Qi Zhong1, Erin E Congdon, Haikady N Nagaraja, Jeff Kuret.   

Abstract

The risk of developing tauopathic neurodegenerative disease depends in part on the levels and composition of six naturally occurring Tau isoforms in human brain. These proteins, which form filamentous aggregates in disease, vary only by the presence or absence of three inserts encoded by alternatively spliced exons 2, 3, and 10 of the Tau gene (MAPT). To determine the contribution of alternatively spliced segments to Tau aggregation propensity, the aggregation kinetics of six unmodified, recombinant human Tau isoforms were examined in vitro using electron microscopy assay methods.
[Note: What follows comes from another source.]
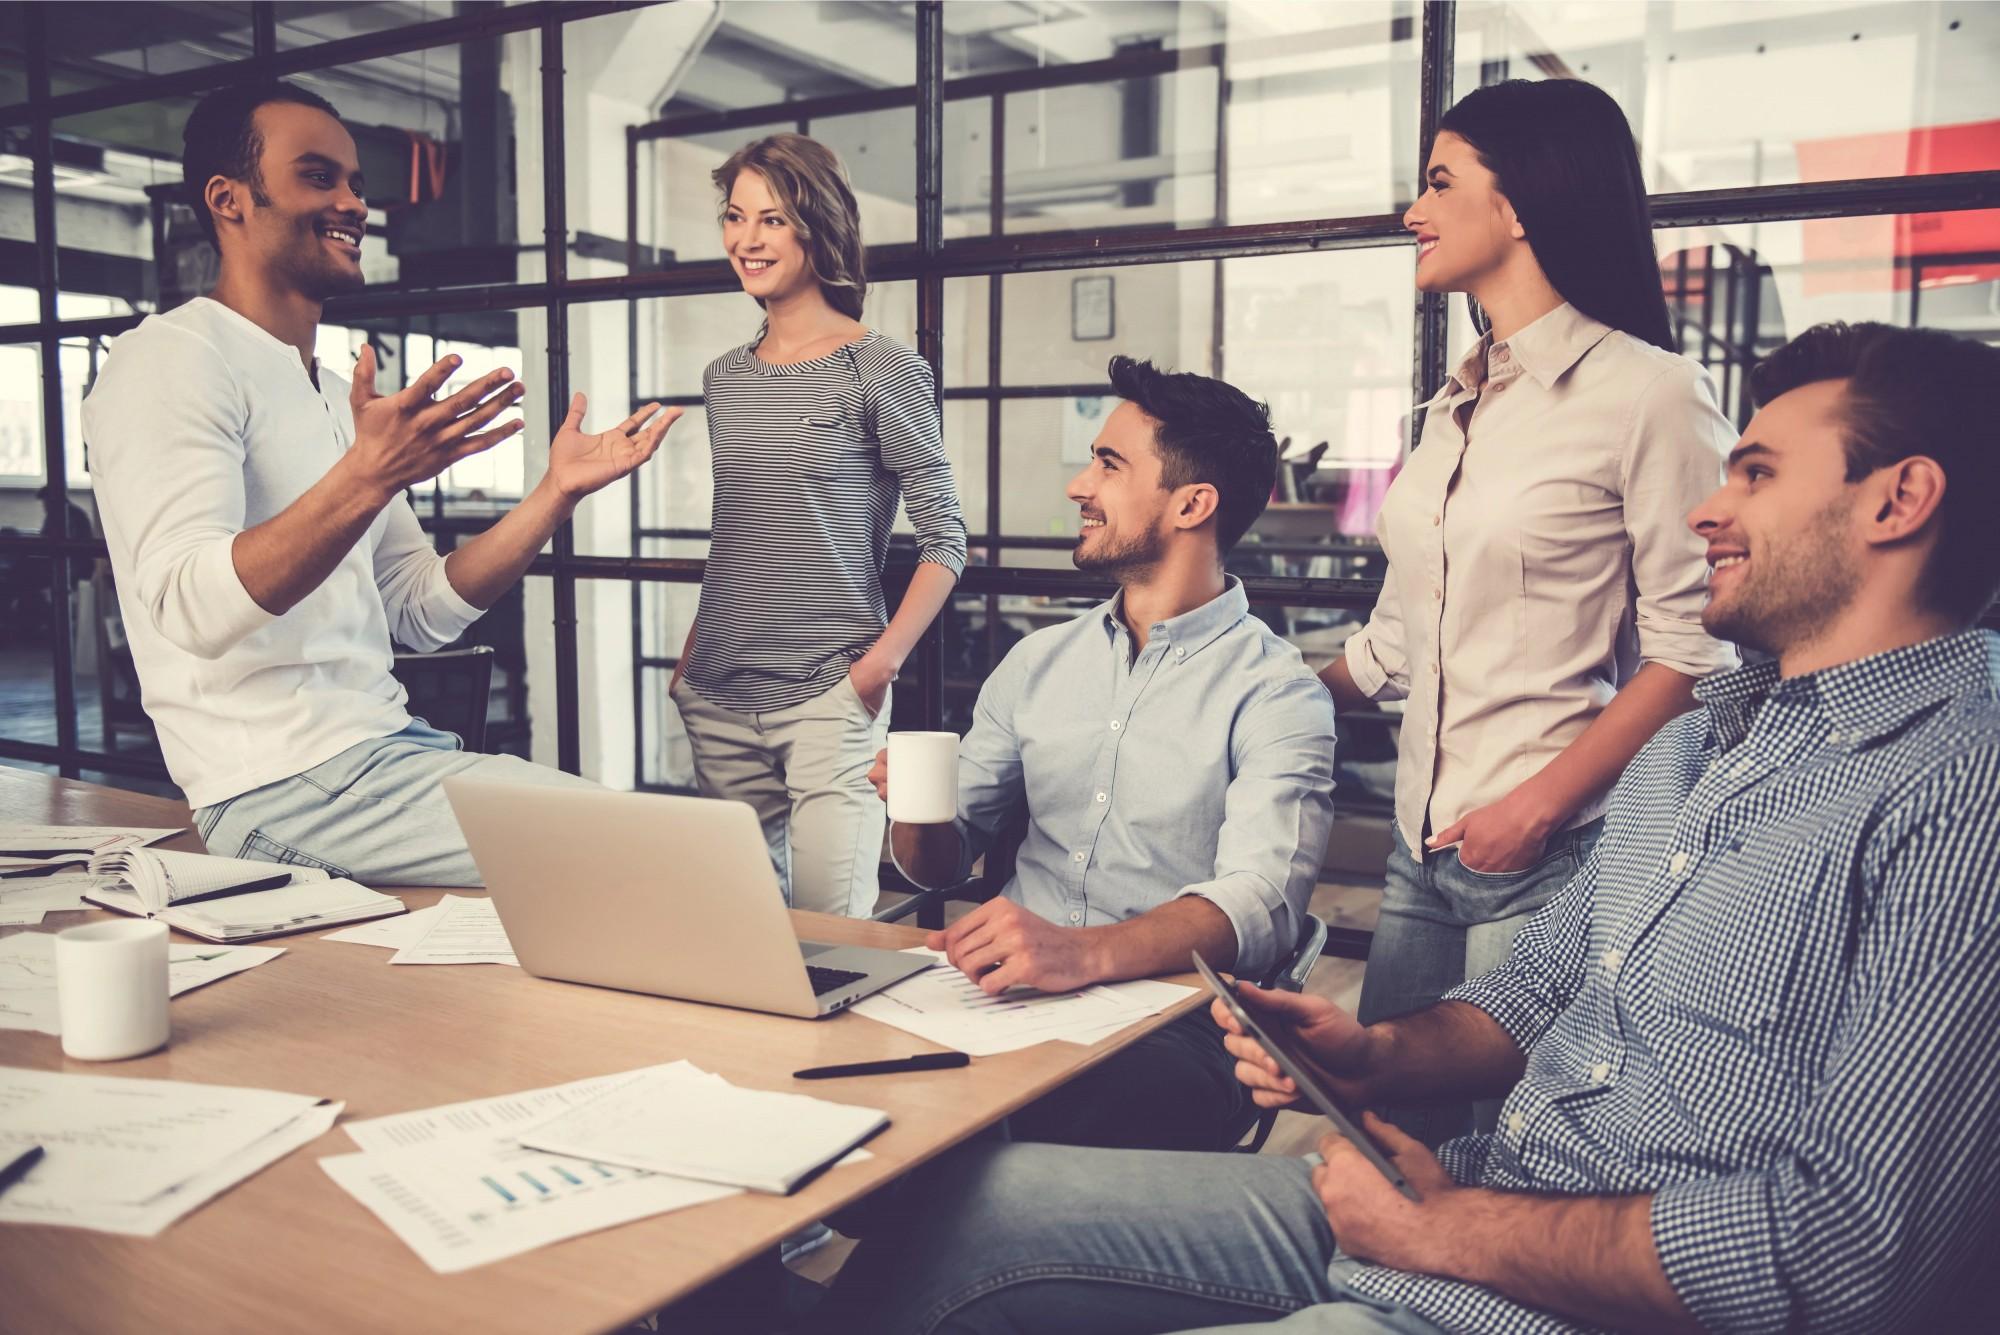 Çalışanları Gün Boyunca Motive Tutmanın 5 Yolu

Aggregation propensity was then compared at the level of elementary rate constants for nucleation and extension phases. We found that all three alternatively spliced segments modulated Tau aggregation but through differing kinetic mechanisms that could synergize or compete depending on sequence context. Overall, segments encoded by exons 2 and 10 promoted aggregation, whereas the segment encoded by exon 3 depressed it with its efficacy dependent on the presence or absence of a fourth microtubule binding repeat. In general, aggregation propensity correlated with genetic risk reported for multiple tauopathies, implicating aggregation as one candidate mechanism rationalizing the correlation between Tau expression patterns and disease.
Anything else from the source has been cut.